In order to make that distinction, Icinga uses these two parameters:
- max_check_attempts: Number of times that the problem must occur in order to go to hard state
- retry_interval: Time between rechecks after moving to soft state. During the rechecks the state remains soft.
Every failed recheck increments in 1 the “check attempts”.
When reached the number configured as max_check_attempts (in this example: 3), the service/host reaches HARD state.
FRESHNESS checks
Applied only to passive checks. Icinga is able to check if too much time has elapsed without getting check updates (it is possible that the system or external application has some problem and can not send the results of the checks).

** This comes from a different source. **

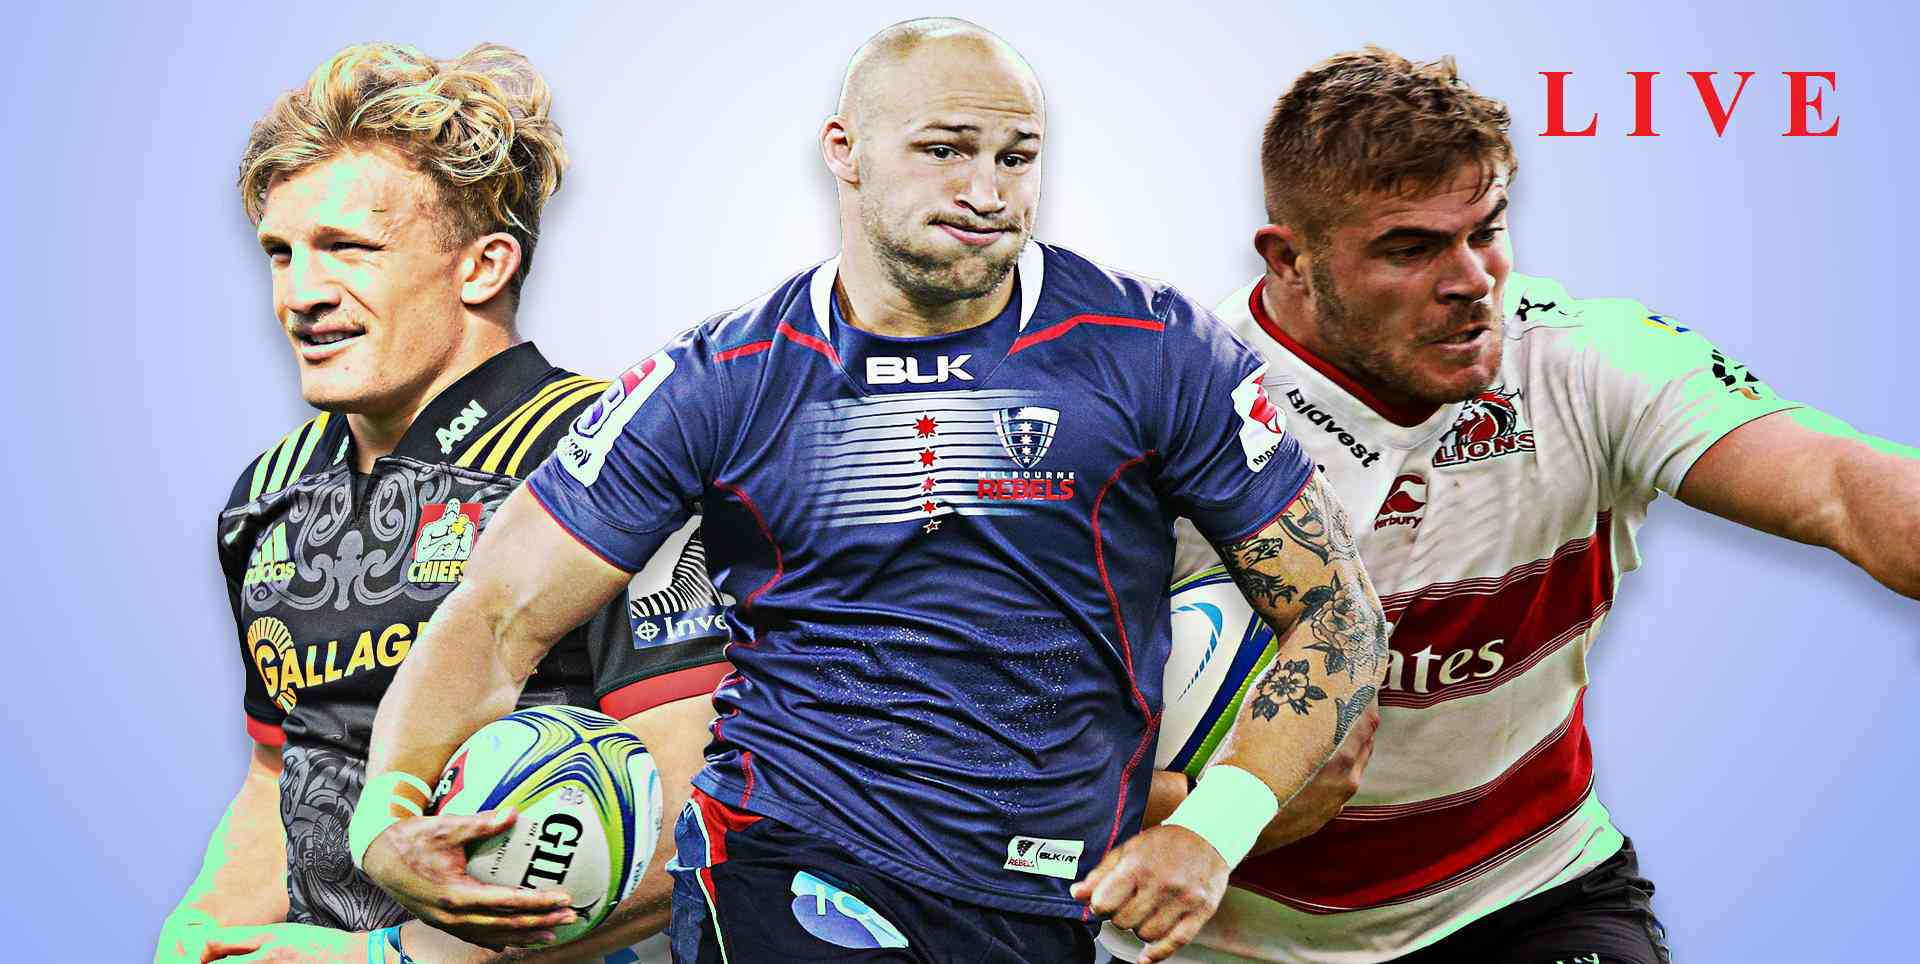 brive-vs-worcester-warriors-rugby-live

In that case, “UNKNOWN” state is set, the message “No Passive Check Result Received” is displayed and a notification is also sent.
To enable them, the service must have passive and active checks enabled at the same time:
enable_active_checks = true
enable_passive_checks = true
After all, the freshness check is done by Icinga, so it can be considered as an active check.
The time is configurable by using the parameter check_interval
Examples
This service templates show multiple ways to configure the services and their parameters.
ACTIVE check – HARD
Active check-up every 2 minutes.
When a problem is detected for the first time, HARD state is set (no SOFT state) and, therefore, sends notification notificación.
template Service "active-service-HARD" {
import "generic-service"
enable_active_checks = true
enable_passive_checks = false
// send alert after 1st fail
max_check_attempts = 1
check_interval = 2m
}
ACTIVE Check – SOFT
Active check-up every minute.
When check fail, SOFT state is set until the 3rd fail.
Rechecks in SOFT state every 30 seconds.
template Service "active-service-SOFT" {
import "generic-service"
enable_active_checks = true
enable_passive_checks = false
// send alert after 3rd fail
max_check_attempts = 3
check_interval = 1m
retry_interval = 30s
}
PASSIVE Check – FRESHNESS enabled
Passive check.
When a problem is detected for the first time, HARD state is set (no SOFT state) and, therefore, sends notification notificación.
Freshness check is enabled and configured to check every 5 minutes.
template Service "passive-service-FRESHNESS" {
import "generic-service"
check_command = "passive"
enable_active_checks = true
enable_passive_checks = true
// send alert after first fail
max_check_attempts = 1
// freshness check
check_interval = 5m
}
PASSIVE check – FRESHNESS disabled
Passive check.
When a problem is detected for the first time, HARD state is set (no SOFT state) and, therefore, sends notification notificación.
Freshness check is disabled.
template Service "passive-service-NO-FRESHNESS" {
import "generic-service"
check_command = "passive"
enable_active_checks = false
enable_passive_checks = true
// send alert after first fail
max_check_attempts = 1
}
Parameters summary table
PARAMETER | APPLIED TO... | USED FOR... |
---|---|---|
enable_active_checks | active | Enable/disable active checks |
passive | Enable/disable freshness checks | |
enable_passive_checks | passive | Enable/disable passive checks |
max_check_attempts | both | Number of fails to reach HARD state after SOFT state |
retry_interval | active | Time between checks in SOFT state |
check_interval | active | Time between checks (not in SOFT state) |
check_interval | passive | Time for freshness check (check for passive updates) |